Selain itu, kata dia, hal ini berpotensi memberikan dampak buruk bagi pengelola BUMN lantaran tidak ada kepastian hukum bagi pengurus BUMN yang beritikad baik. “Bagaimana mau menjamin kepastian hukum apabila soal seperti ini tidak dilindungi negara dari upaya hukum yang prematur,” kata Puji.
Konteks Kasus
Kasus yang menyeret nama Karen ini berawal ketika Pertamina melakukan akuisisi (Investasi Non-Rutin) berupa pembelian sebagian aset (Interest Participating/IP) milik ROC Oil Company Ltd di lapangan BMG Australia. Akuisisi itu berdasarkan Agreement for Sale and Purchase-BMG Project tanggal 27 Mei 2009.

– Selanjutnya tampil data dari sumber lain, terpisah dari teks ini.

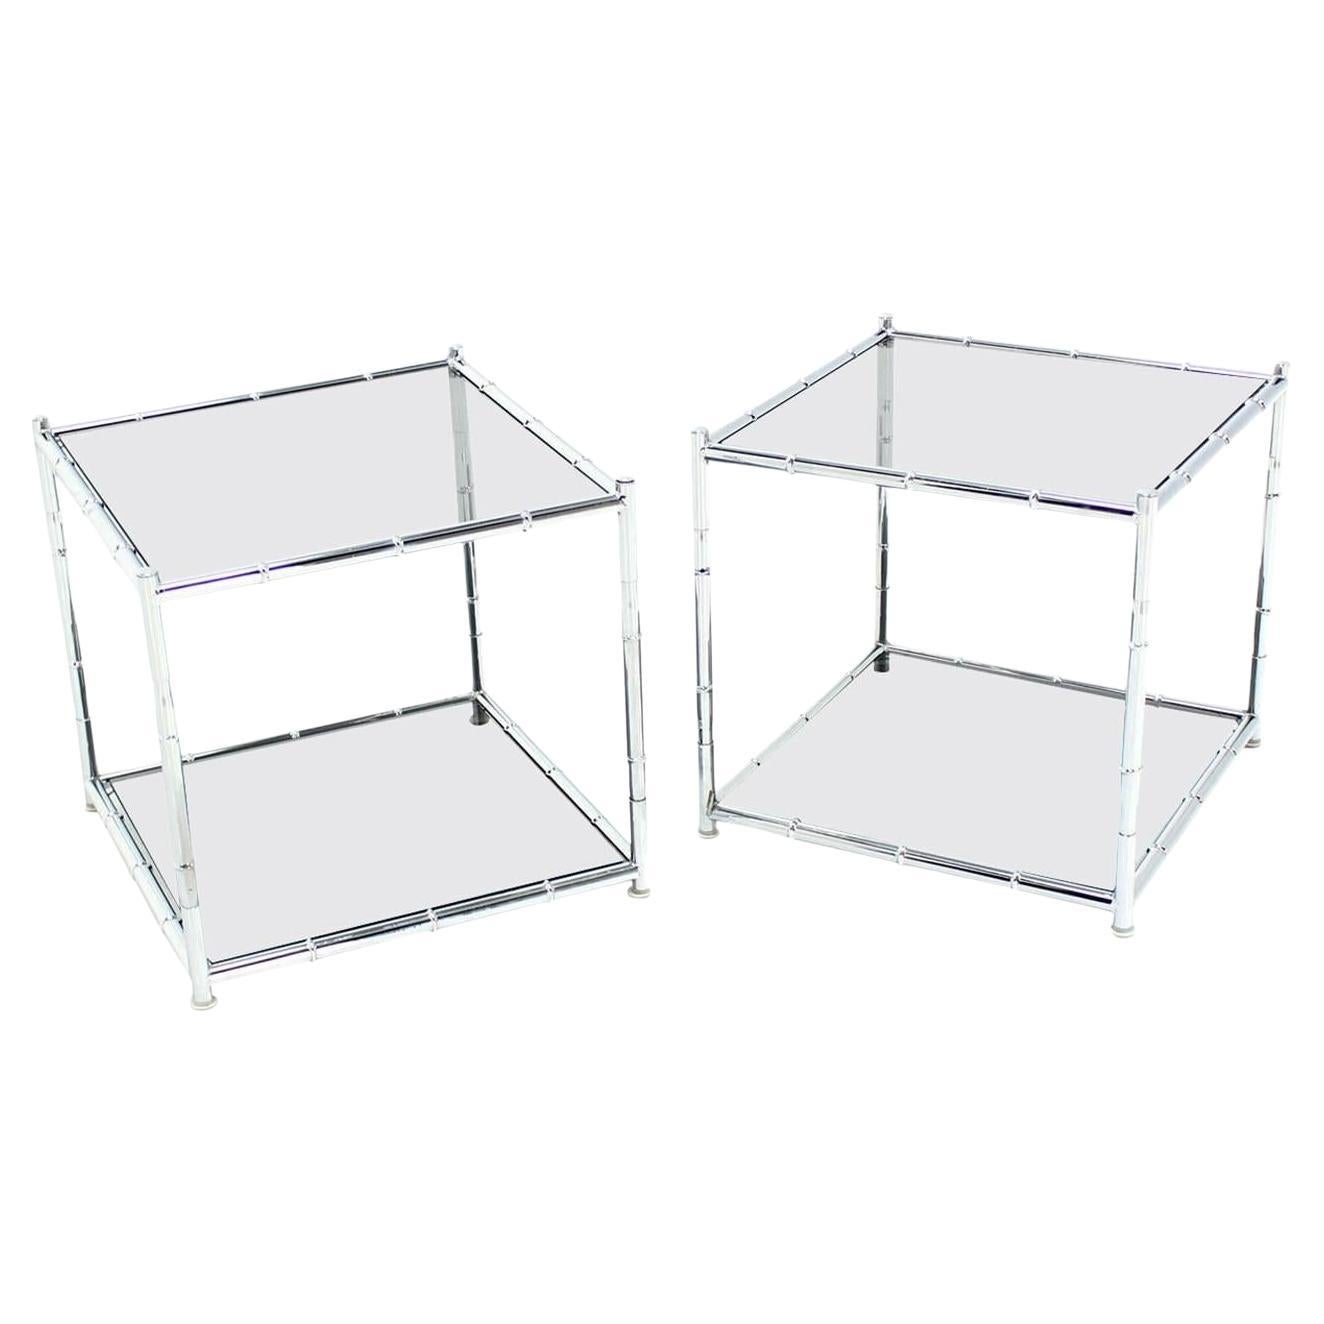 Pair of Cube Form Chrom Faux Bambus Frame End Tables Rauchglas Top MINT!

Pertamina kemudian menjadi pemilik Participating Interest (PI) 10 persen di Blok BMG Australia. Mitra Pertamina di pengelolaan blok BMG ialah ROC Oil, Beach Petrolium, Sojitz Energy, Anzon dan CIECO.
Kerugian investasi ini muncul sebab operasi Blok BMG dihentikan operator per 20 Agustus 2010, karena penurunan produksi migas dan angka cadangan tersertifikasi. Penghapusan nilai atas wilayah kerja di BMG sebesar 66,29 juta dolar Australia pun dinyatakan di Laporan Keuangan Konsolidasian Pertamina dan Anak Perusahaan edisi 31 Desember 2010 dan 2009 (Halaman 87, versi PDF).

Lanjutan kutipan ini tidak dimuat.